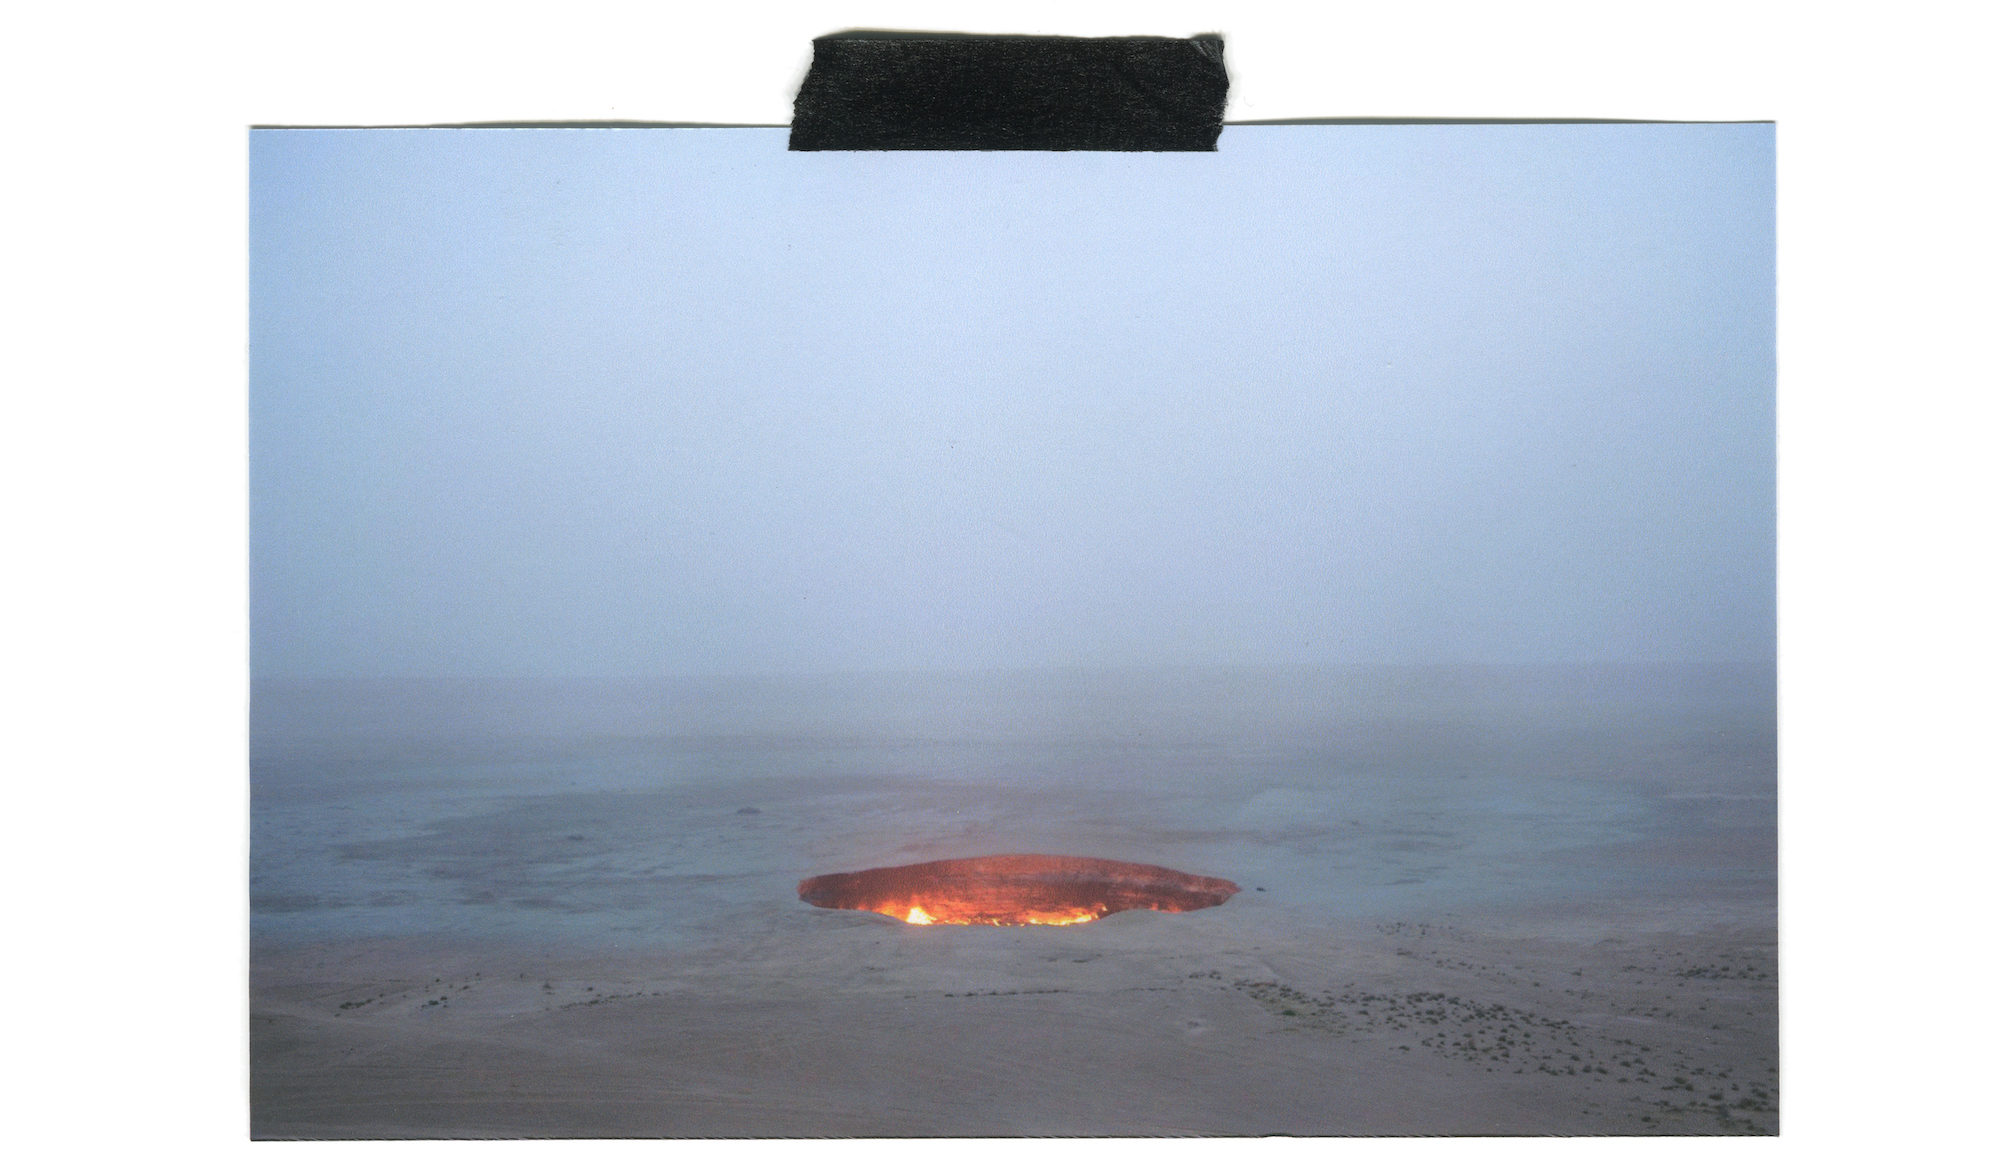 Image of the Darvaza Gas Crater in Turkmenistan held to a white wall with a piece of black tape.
☆ ☆ ☆ ☆ ☆ ☆ ☆
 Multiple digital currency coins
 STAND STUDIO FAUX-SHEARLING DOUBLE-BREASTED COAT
☆ ☆ ☆ ☆ ☆ ☆ ☆
The expected answer is an exact copy of the lines above, beginning at the line with "Multiple digital currency coins" and ending at the line with "STAND STUDIO FAUX-SHEARLING", with both ends in.

◆ **RESULT OF THIS TASK**
 Multiple digital currency coins
 STAND STUDIO FAUX-SHEARLING DOUBLE-BREASTED COAT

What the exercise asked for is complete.